• [REQUIRED ACTION]:
No pictures belong in the copy. Restate the rest of the data exactly.

• [INFORMATION SHOWN]:
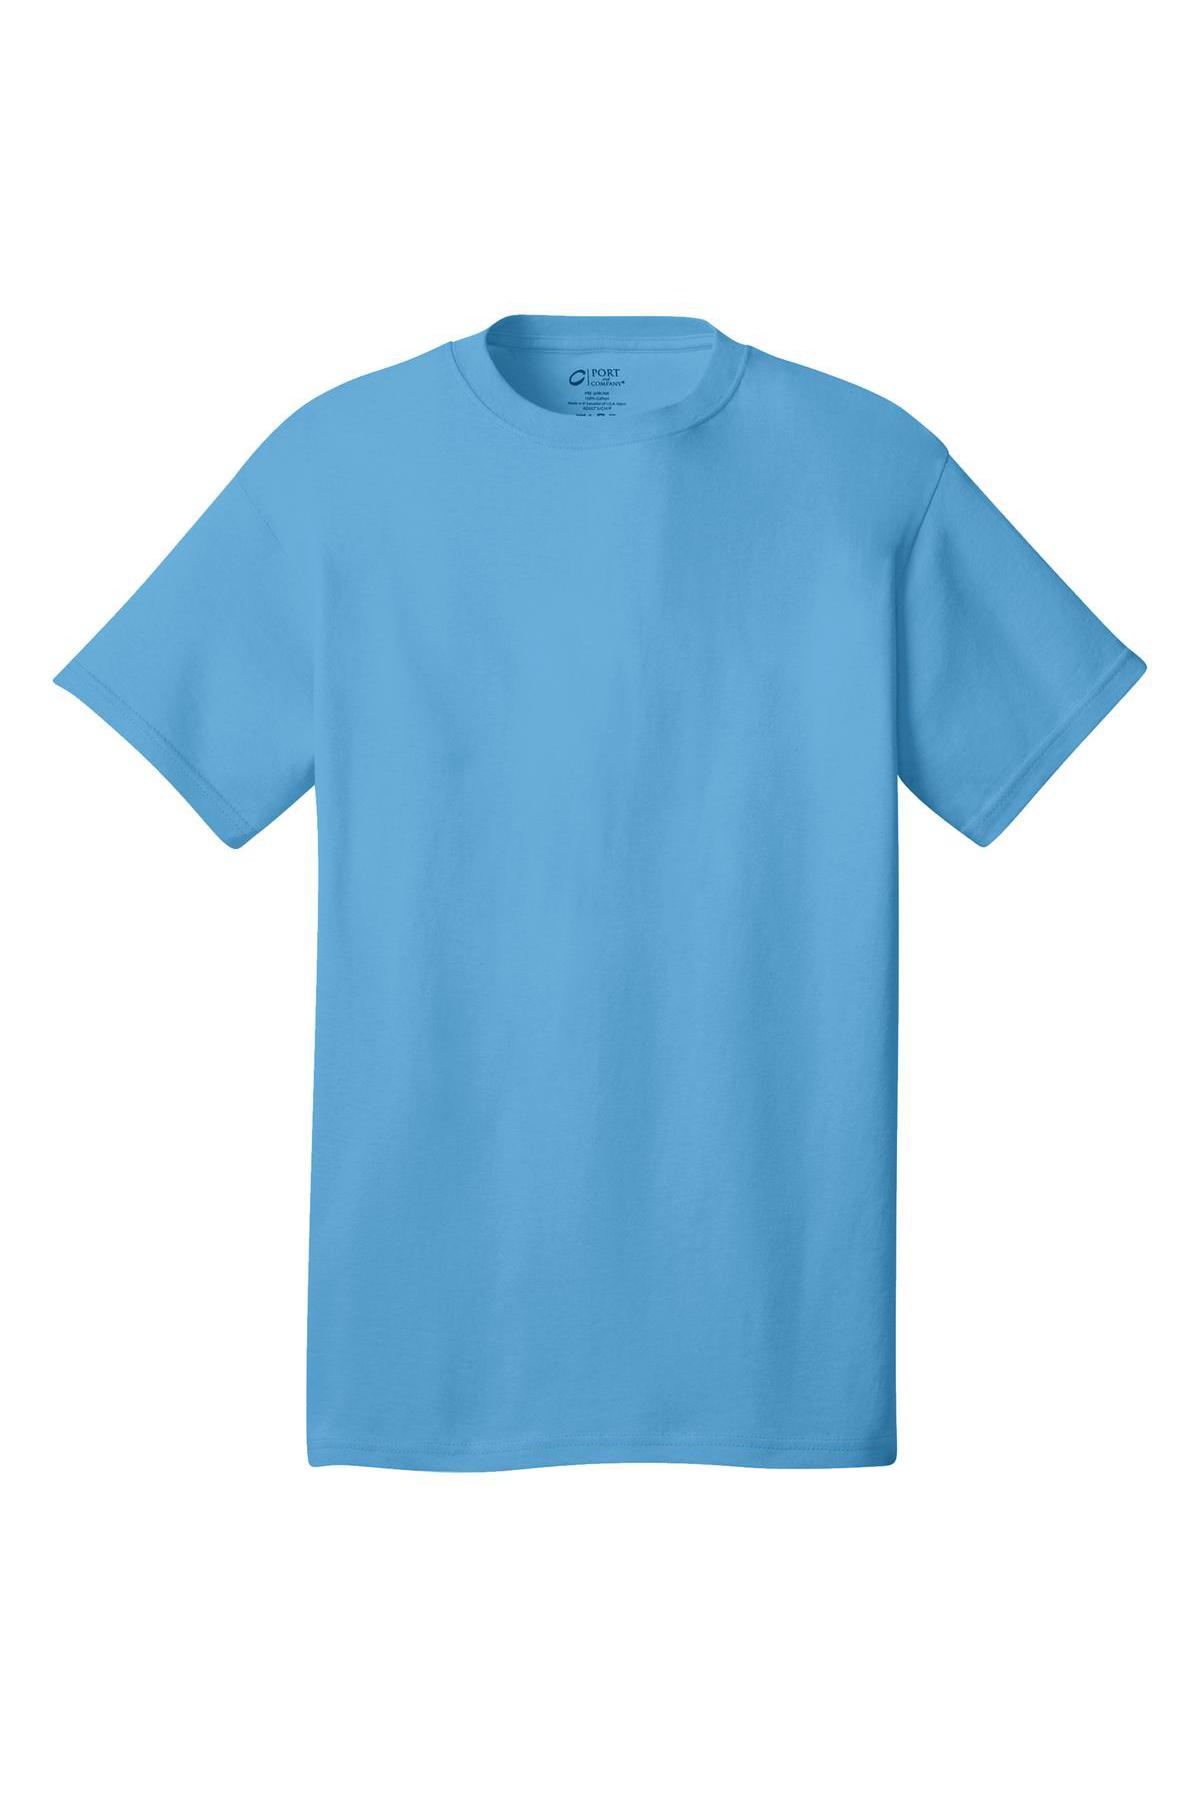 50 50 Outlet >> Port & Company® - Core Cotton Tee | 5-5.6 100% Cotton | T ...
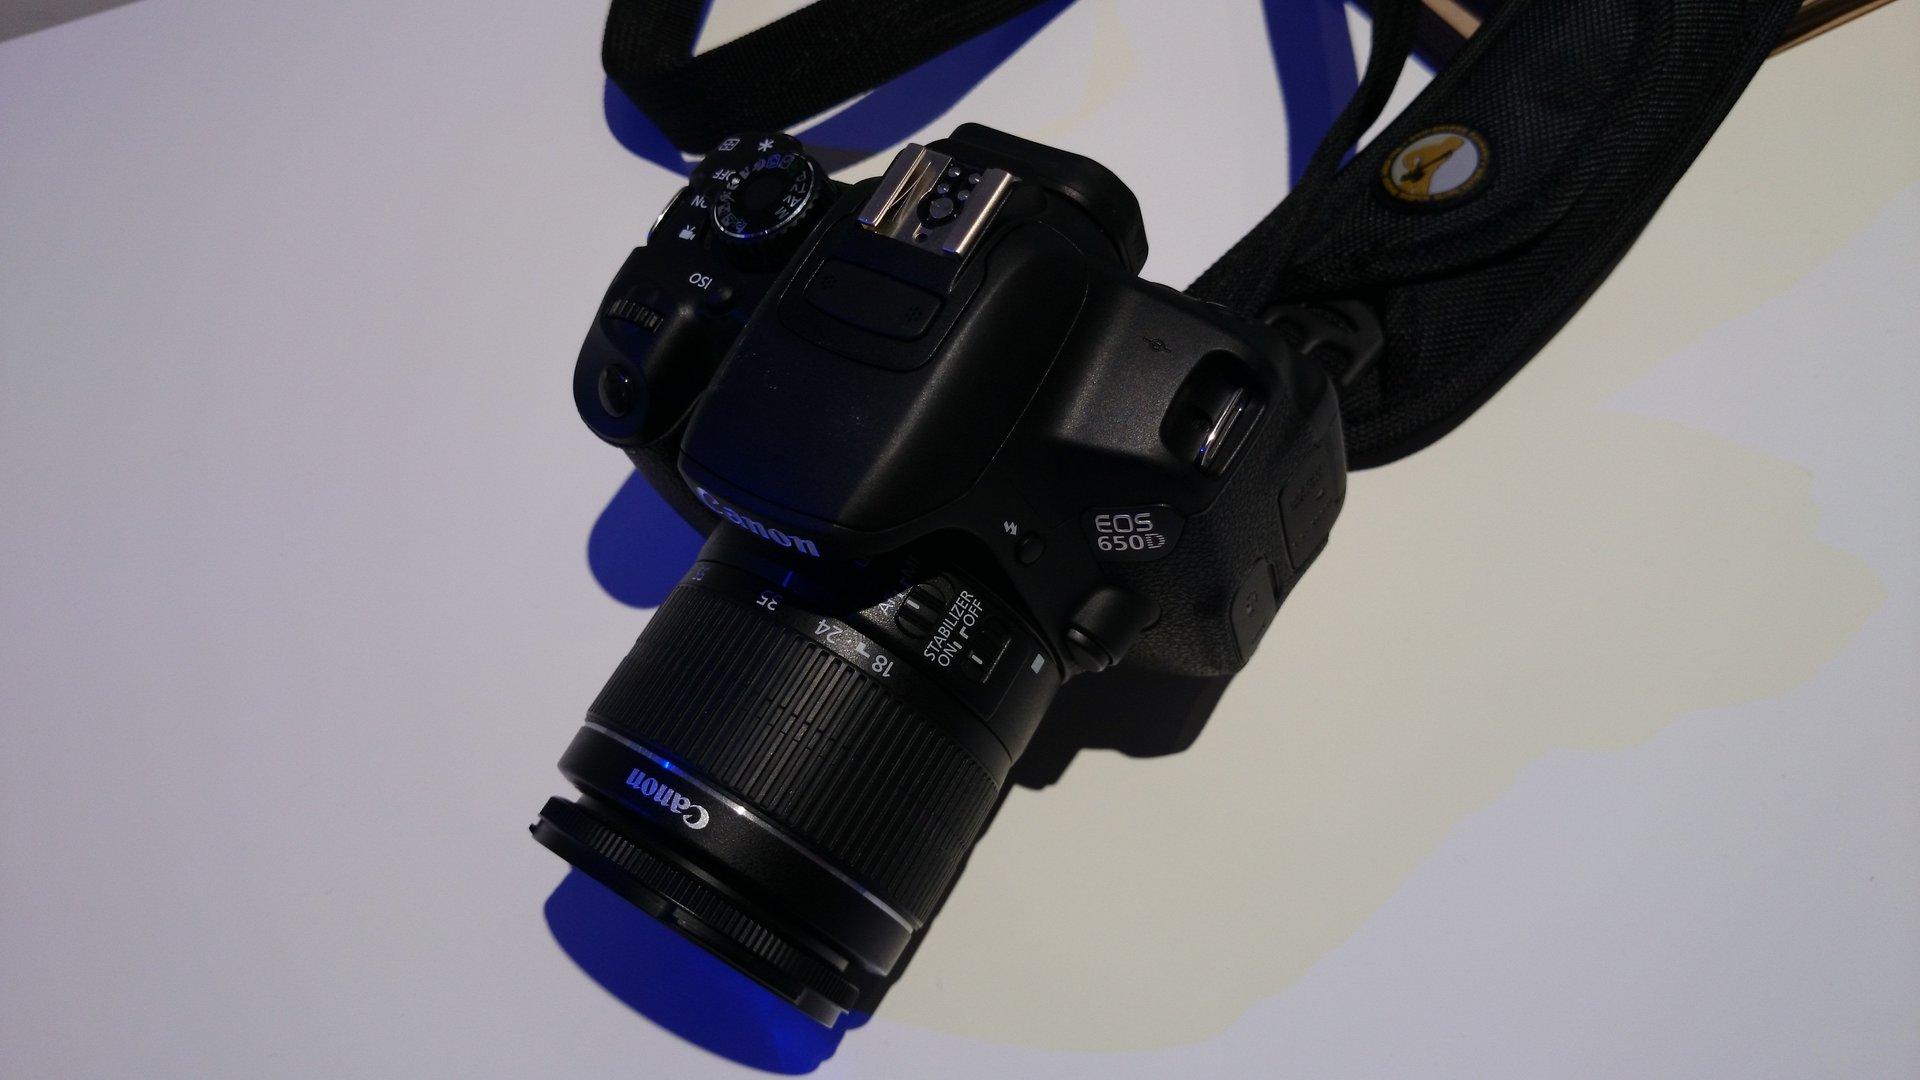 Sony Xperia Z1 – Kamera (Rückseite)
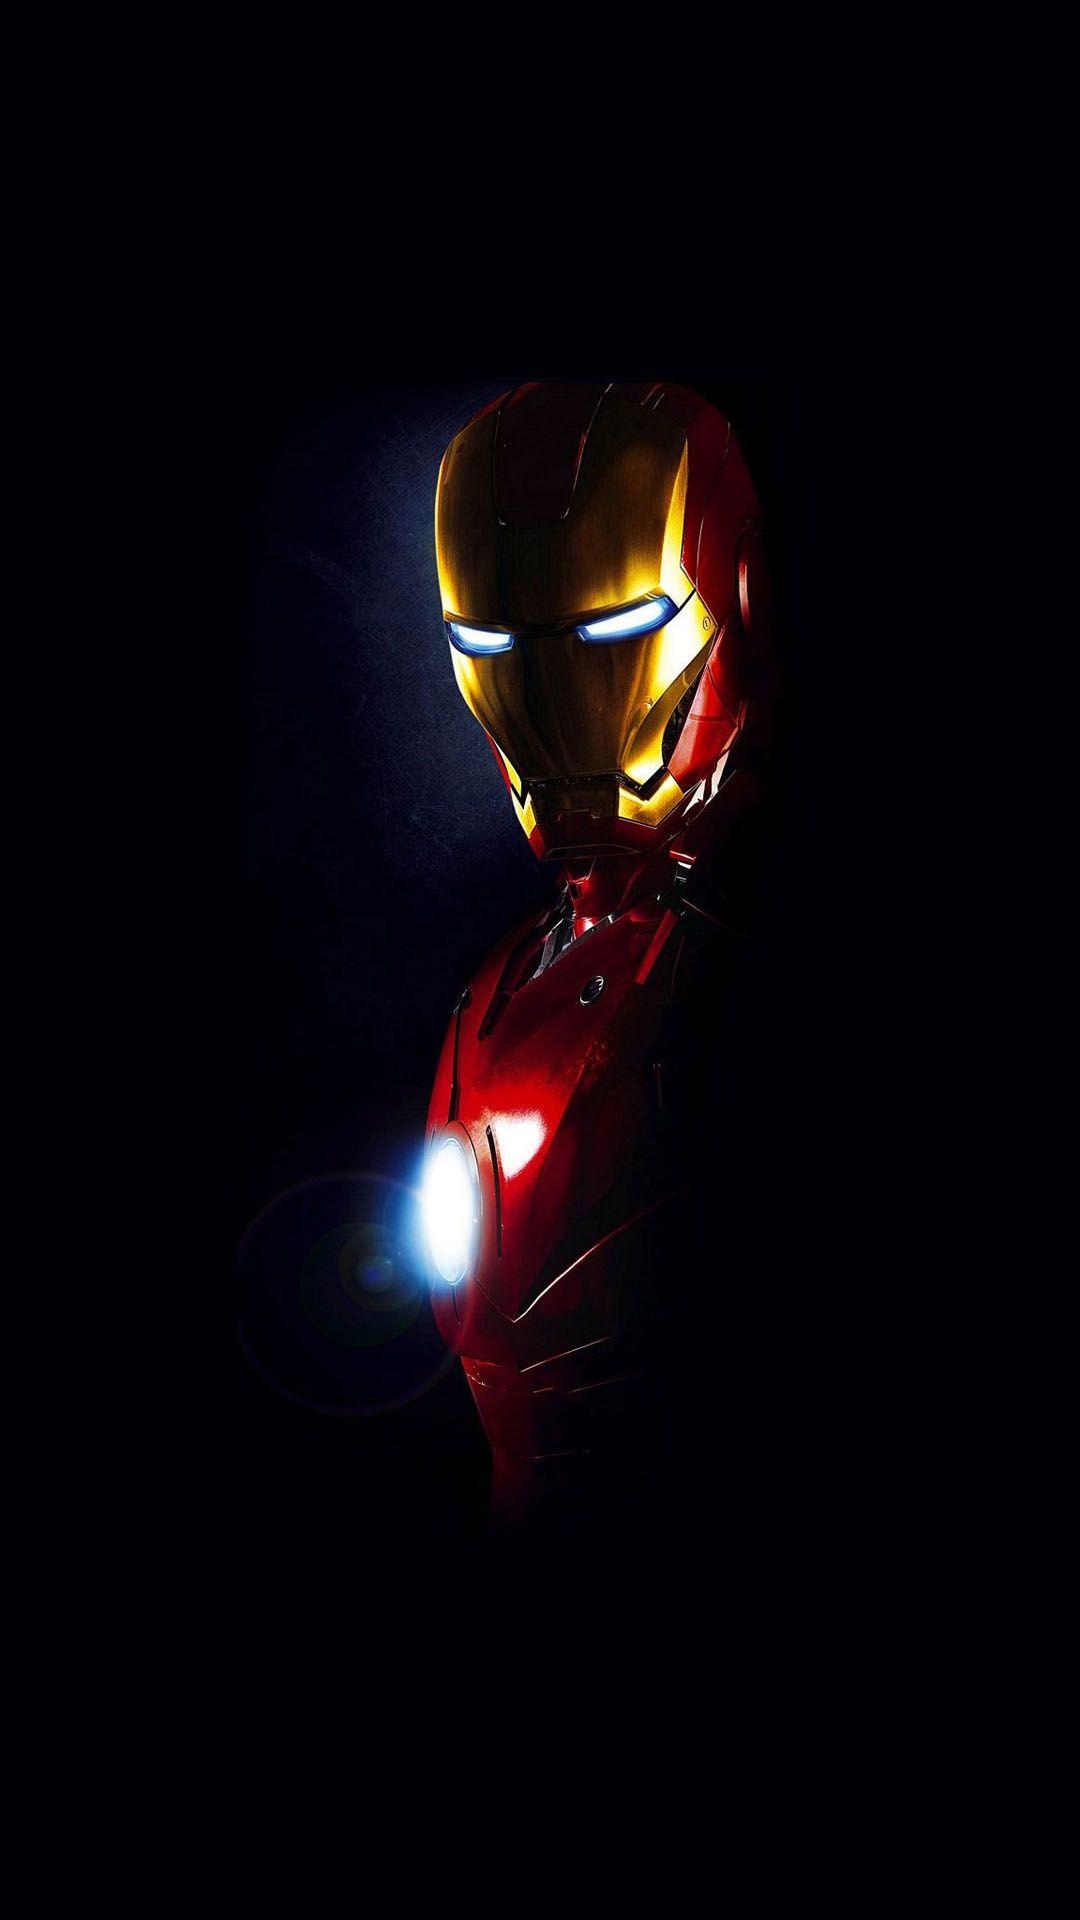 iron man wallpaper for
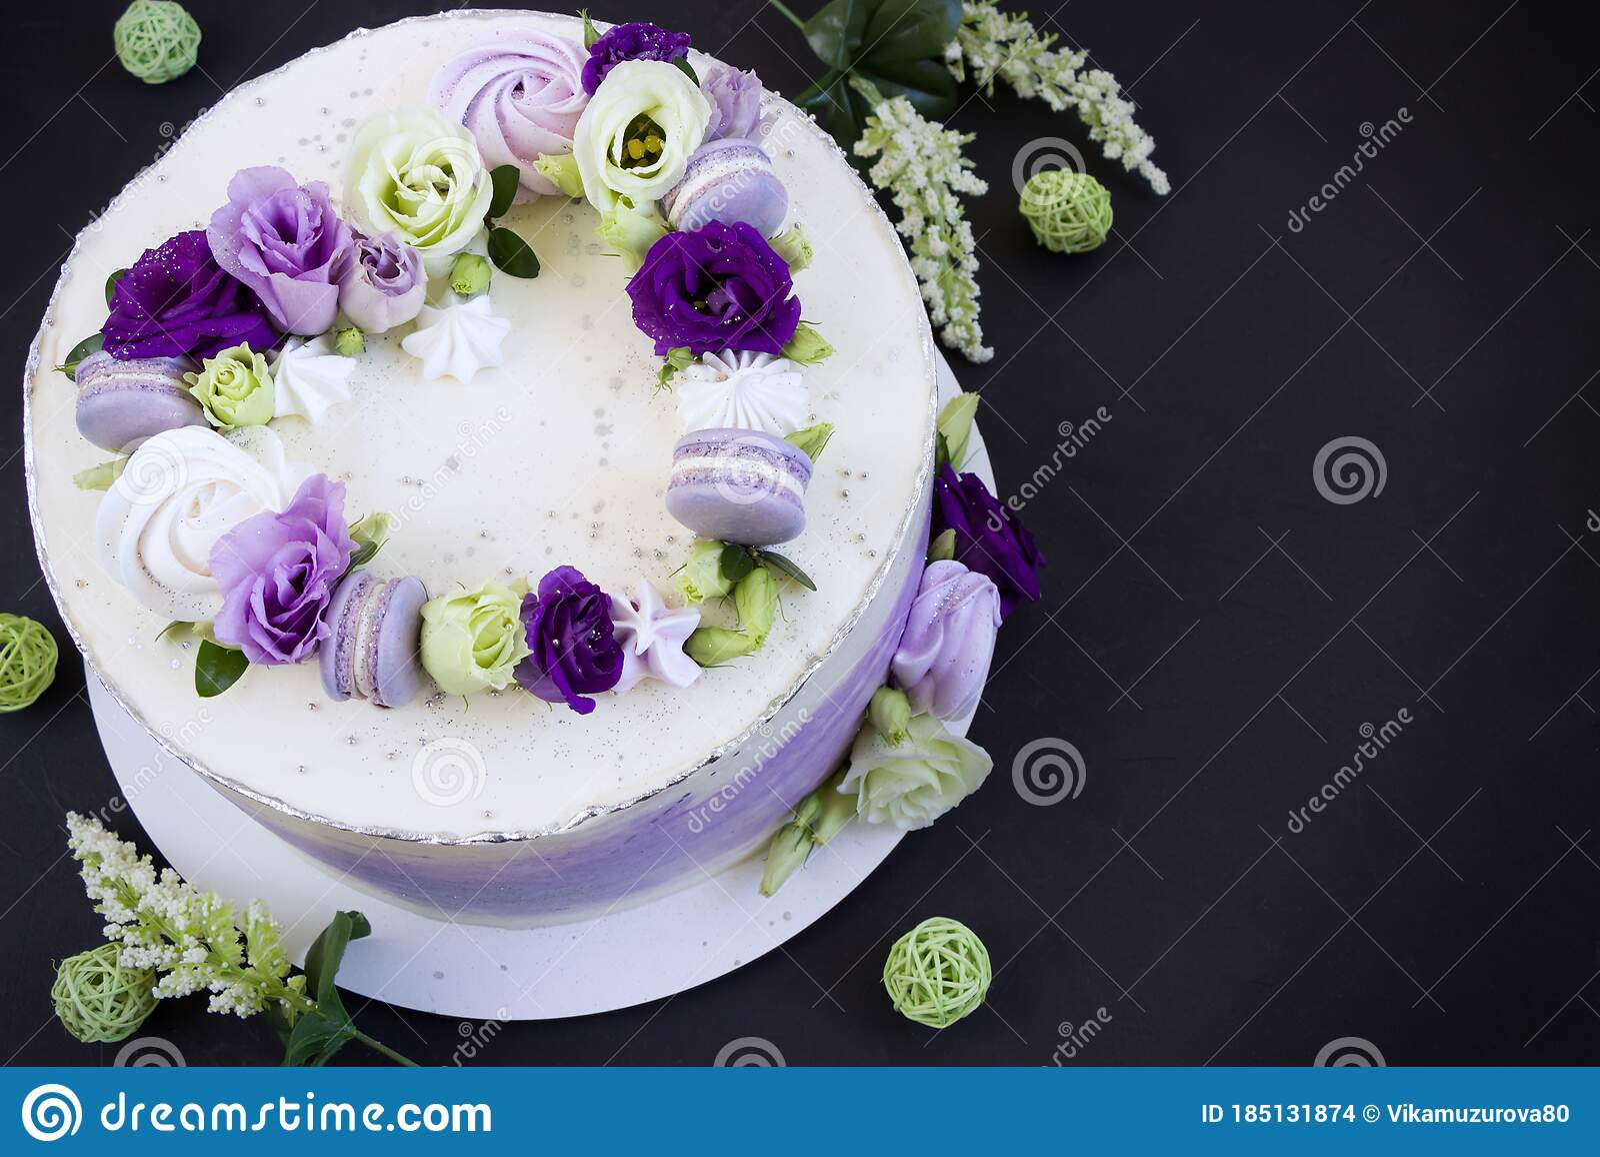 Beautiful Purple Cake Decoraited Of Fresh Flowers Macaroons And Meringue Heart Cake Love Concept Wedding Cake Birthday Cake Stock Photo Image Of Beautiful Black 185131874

• [ANSWER FOR THE TASK]:
 50 50 Outlet >> Port & Company® - Core Cotton Tee | 5-5.6 100% Cotton | T ...
 Sony Xperia Z1 – Kamera (Rückseite)
 iron man wallpaper for
 Beautiful Purple Cake Decoraited Of Fresh Flowers Macaroons And Meringue Heart Cake Love Concept Wedding Cake Birthday Cake Stock Photo Image Of Beautiful Black 185131874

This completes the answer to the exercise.